A declining dollar would have both benefits and costs for the US economy. For American business a weak dollar creates new opportunities to sell cheaper goods in foreign markets.
But US consumers will find that a drop in the dollar's exchange rate is threatening their buying power. Americans have become accustomed to buying foreign goods at bargain-basement prices. And US tourists will find that overseas travel has become more expensive.
"A sharp dollar decline would bring real inflationary consequences," says C. Fred Bergsten, director of the Institute for International Economics in Washington, DC.
Speaking at a meeting at the Centre for Economic Policy Research, Mr. Bergsten added the US could be hit by a triple whammy of rising prices, rising interest rates and a falling stock market, thus threatening confidence in the economy of the world's only superpower and reducing foreign investment.
Trade deficit puzzle
Also of concern to financial analysts is the current account deficit, the debt accumulated by trade and foreign investment, which in the US now stands at $500bn, or 5% of the nation's gross domestic product - a historic high.
But the deficit's effect on the dollar is debatable, with analysts argueing whether it is a bad thing at all.
"Whether a current account deficit is a problem... depends in part on a chicken-and-egg judgement - what you think is causing it, and how sustainable the trends are," says Alison Cotrell, analyst at UBS Warburg.
A large deficit is caused by increased demand for imports and investment in the US by foreign investors, among other things. The US has seen vast flows of capital into the country in recent years, as foreign investors tried to cash in on a booming economy and hungry American consumers.
Much of that investment has been spurred by outstanding growth within the US, which ran at an annual clip of 6% in the first two quarters of 2000. Now an economic slowdown threatens to throw the country into recession.
"The prospects still point to a soft-landing scenario" for the US economy, said Goldman Sachs managing director Gerald Corrigan.
Speaking to reporters at an economic forum in Taipei, the former New York Federal Reserve president said he expects growth in the US of around 2.5% for the year.
Slowdown looms
Some economists are more pessimistic.
Mr.
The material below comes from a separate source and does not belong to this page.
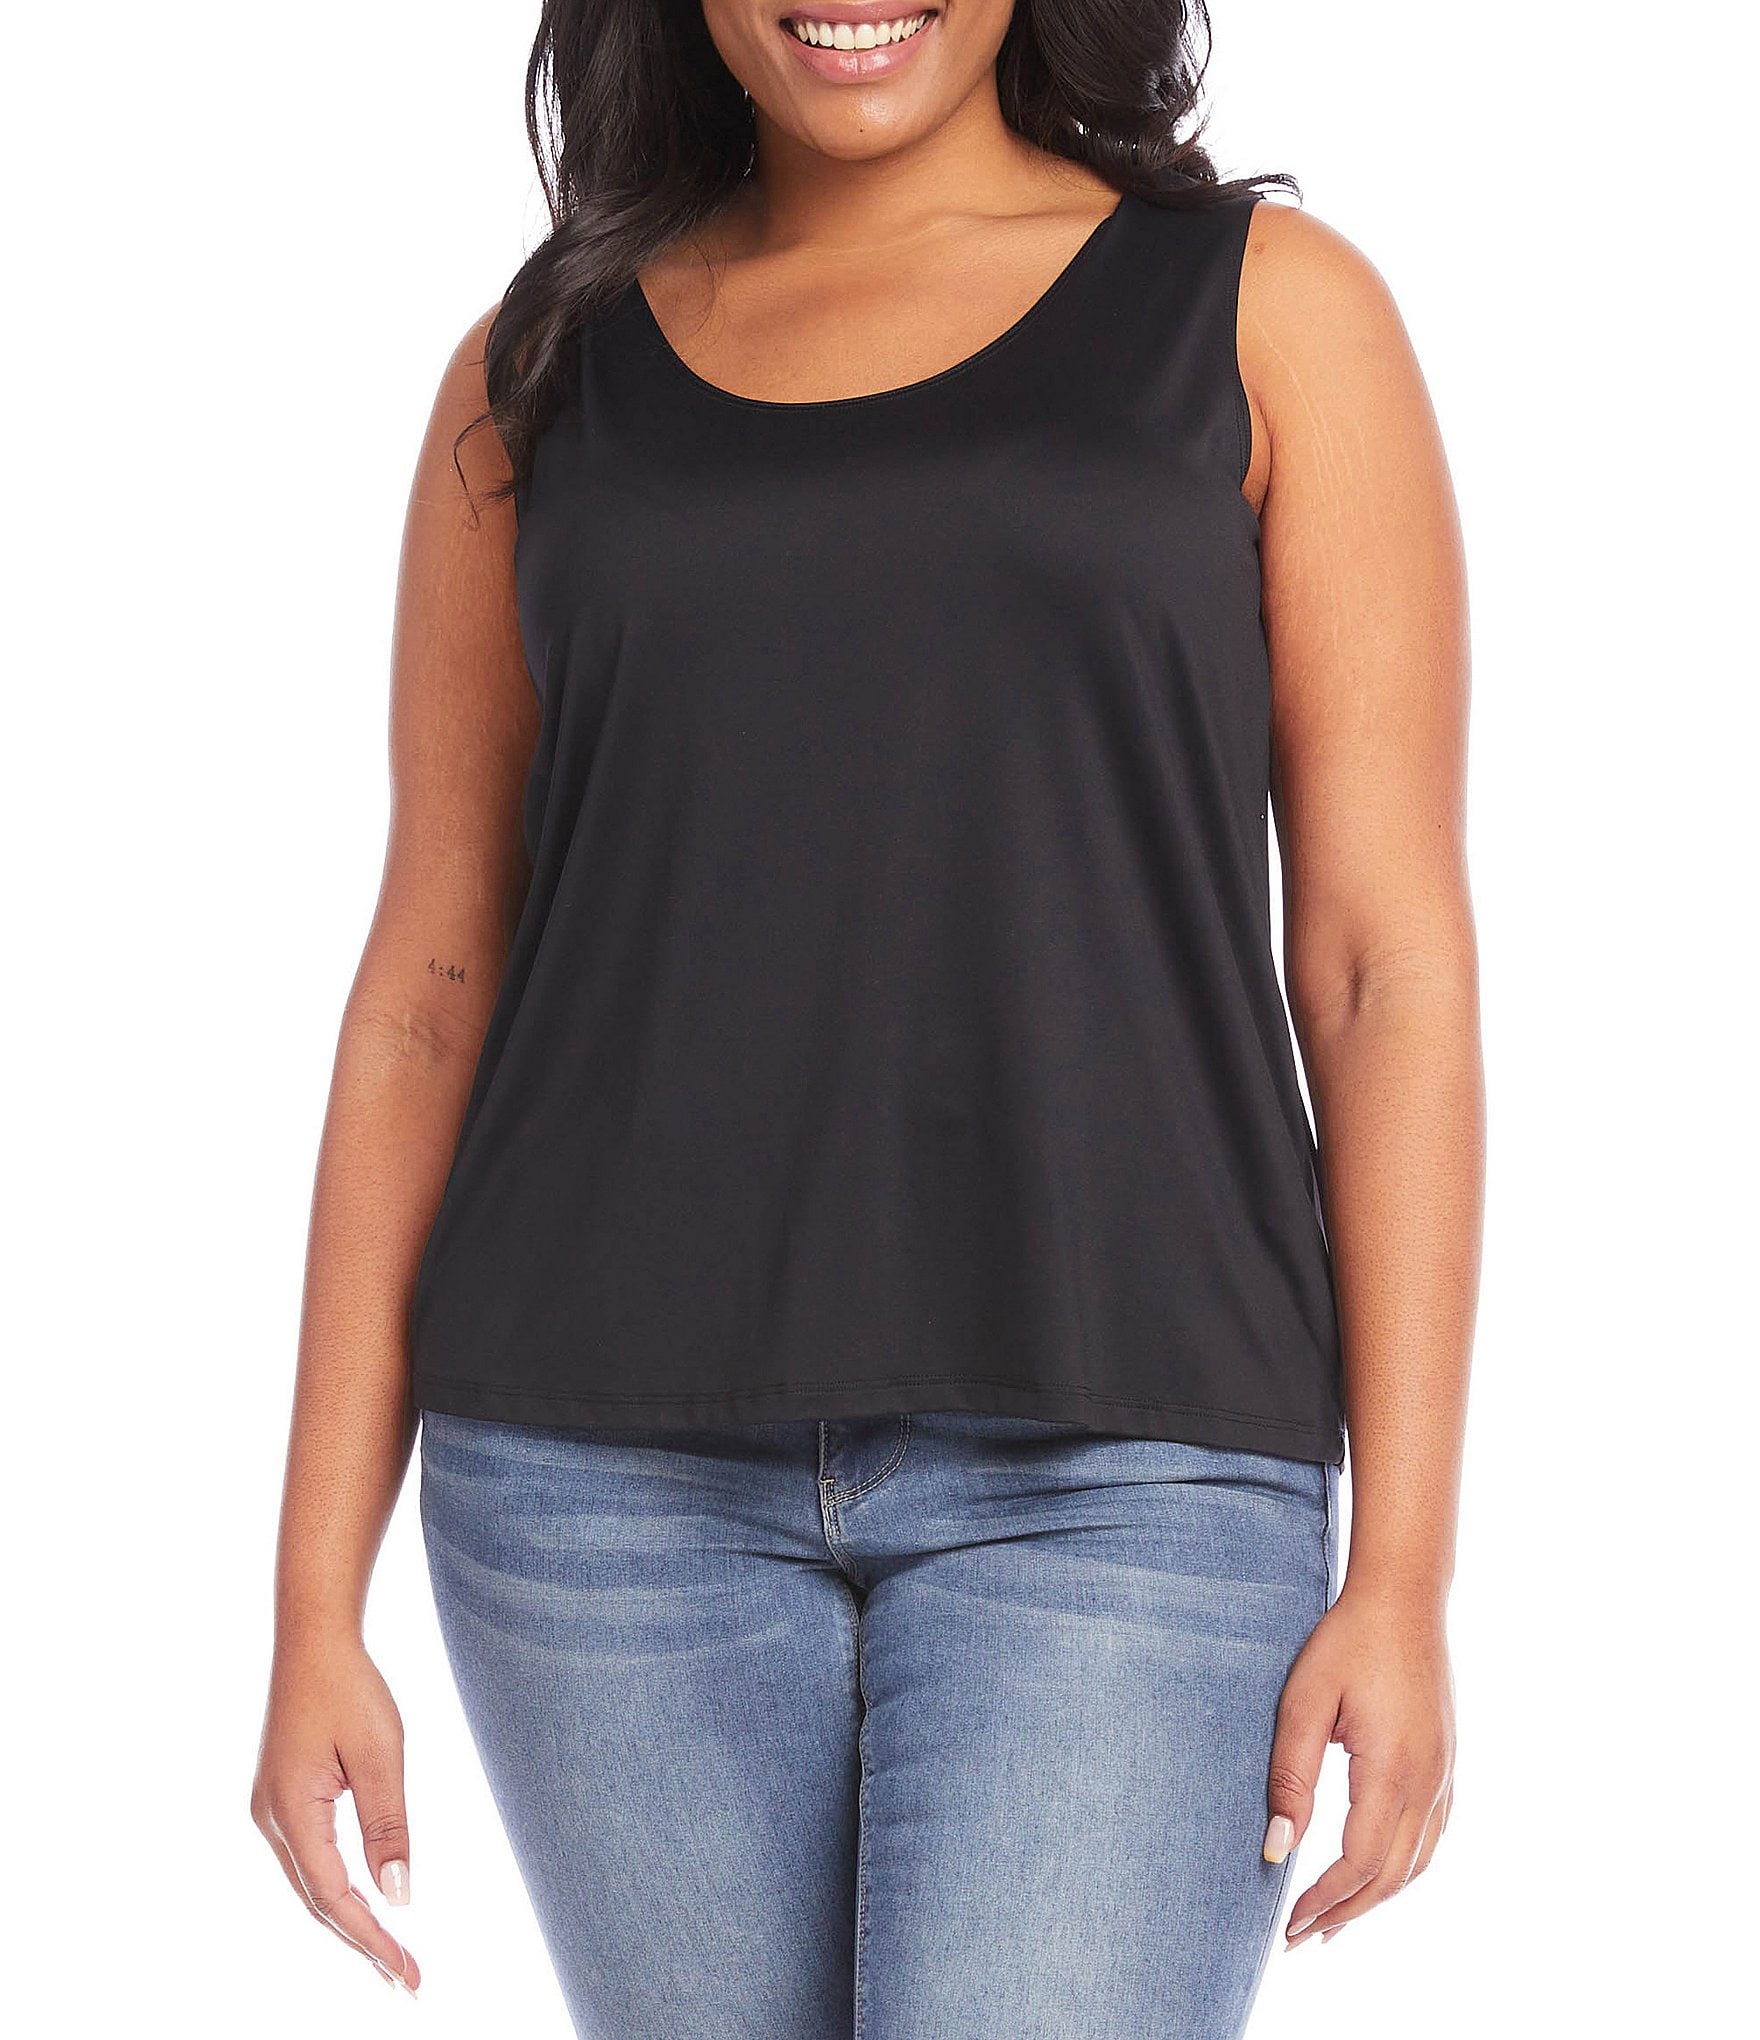 sleeveless blouse: Women's Plus Size Clothing

Bergsten warned that given the extraordinary growth experienced in recent months, a slowdown to a growth rate of about 2% could feel abrupt. Liken it to a car speeding down a highway at 90 miles per hour only to suddenly slow to 30 miles per hour.
The US may not technically see a recession, viewed as two back-to-back quarters of negative growth, but the slowing would be quite noticeable, Mr Bergsten said.
The rapid recovery of the euro also threatens confidence in the dollar. In recent weeks, the euro has surged, most recently trading at about $0.9460 in New York.
According to Mr Bergsten, the euro remains extremely undervalued. He said the euro would achieve balance with the dollar when it trades at 1 euro per $1.25, about 33% above its current level.
But he warned an appreciating euro faces a reluctant European business community, content with the euro remaining undervalued.
A cheap euro ensures European goods will remain inexpensive in America. It is a proposition that appeals both to European exporters, and to American consumers, whose voracious appetite for foreign goods is not likely to be slowed unless prices rise - and the dollar falls.
But many of the eurozone's consumers - and voters - believe that the euro weakness shows that it is a failure.
With the launch of euro banknotes and coins less than one year away, many analysts therefore expect the European Central Bank to intervene and boost the euro further.